Вижу, у Ибрахим-бека задрожали руки. Он изменился в лице, пришел в полное смятение духа, тут же разорвал письмо в мелкие клочки и, швырнув их на пол, воскликнул:

— Сам не знаю, что за проклятье я ношу на себе! Неприятности так и преследуют меня! Можно подумать, что все эти известия специально собрали, чтобы прижечь каленым железом мое сердце. И не ведают того, что мое бедное сердце и без того просто кровоточащий кусок мяса. О жестокий человек! Будто специально для встречи со мной он приготовил мне этот гостинец! Клянусь творцом, после всего этого я скорее соглашусь, чтобы иранский консул разграбил все мое имущество и самого меня подверг любым напастям, лишь бы после моей смерти не врывались в мой дом для раздела имущества эти бритые христиане, одетые в шляпы, подобные мискам. Несведущие люди полагают, будто в России нет произвола и чиновники там не берут взяток. Клянусь богом, дать им волю, так они, подобно теленку Хаджи Насреддина, будут резвиться, пожалуй, попрытче [210] иранских чиновников! Но вся беда в том, что у нас загрязнен сам источник. Если уж какого-нибудь русского чиновника поймают на взятках, то ему не отвертеться, там сразу доберутся до сути дела и даже обращение к заступничеству царской фамилии не поможет. Что вынесет суд возмездием за его проступок, то и будет исполнено — на этом стоит правосудие.
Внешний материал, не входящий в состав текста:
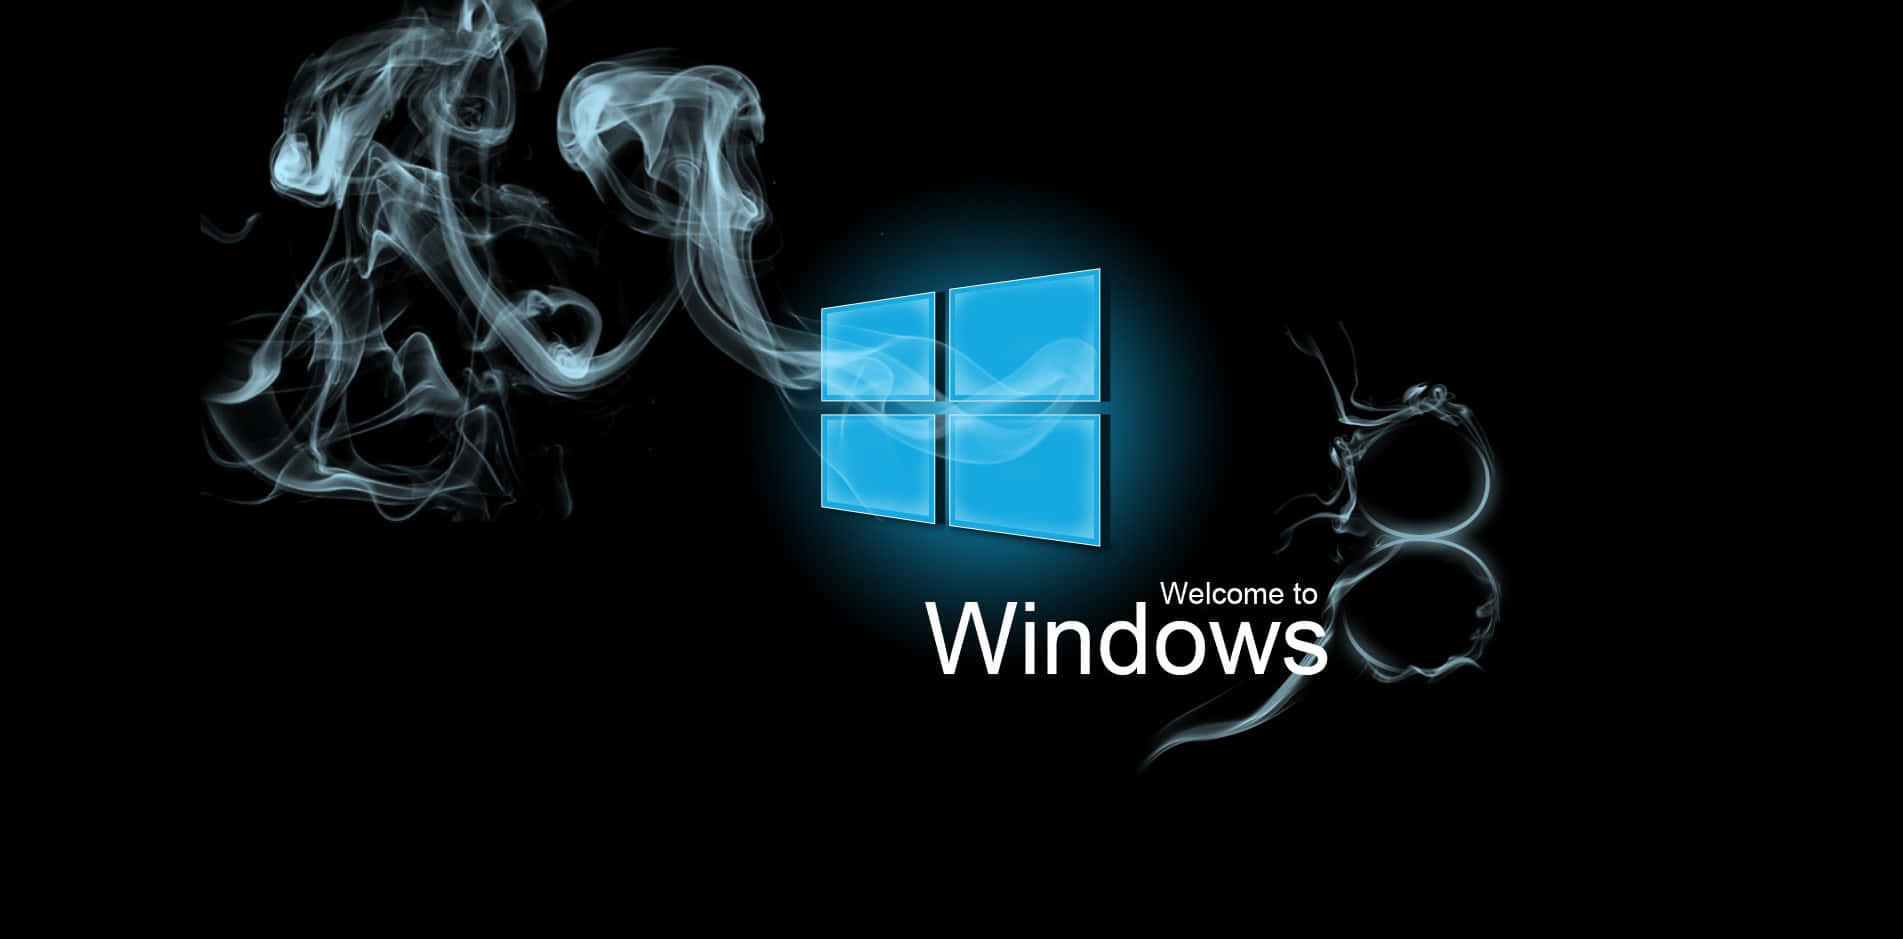 Windows 8 Vibrant Desktop Background

Если уж дело дошло до суда, то, согласно действующим законам, все будет доведено до конца так, как говорили великие люди: «Разумная жестокость — основа справедливости». А в нашем несчастном Иране ежели кто-нибудь растратит сто тысяч туманов государственных средств или же позарится на чужое добро, то хоть и обнаружится растрата или хищение, он всегда сможет выйти сухим из воды. Даст взятку в двадцать тысяч туманов тому, кто расследует дело, а остальное преспокойно заберет себе.

Я давно знал силу патриотических чувств Ибрахим-бека, и все же полагал, что после путешествия, во время которого он вдоволь насмотрелся на всякие мерзости, огонь его патриотизма несколько поугас. Однако теперь, узнав о его приключениях и выслушав подробный рассказ, я увидел, что ошибался. Его любовь к родине только возросла. Тогда я решил про себя, что эти его чувства не случайные и не наносные, а присущи ему от природы, «вошли с него с молоком матери и отлетят вместе с душой».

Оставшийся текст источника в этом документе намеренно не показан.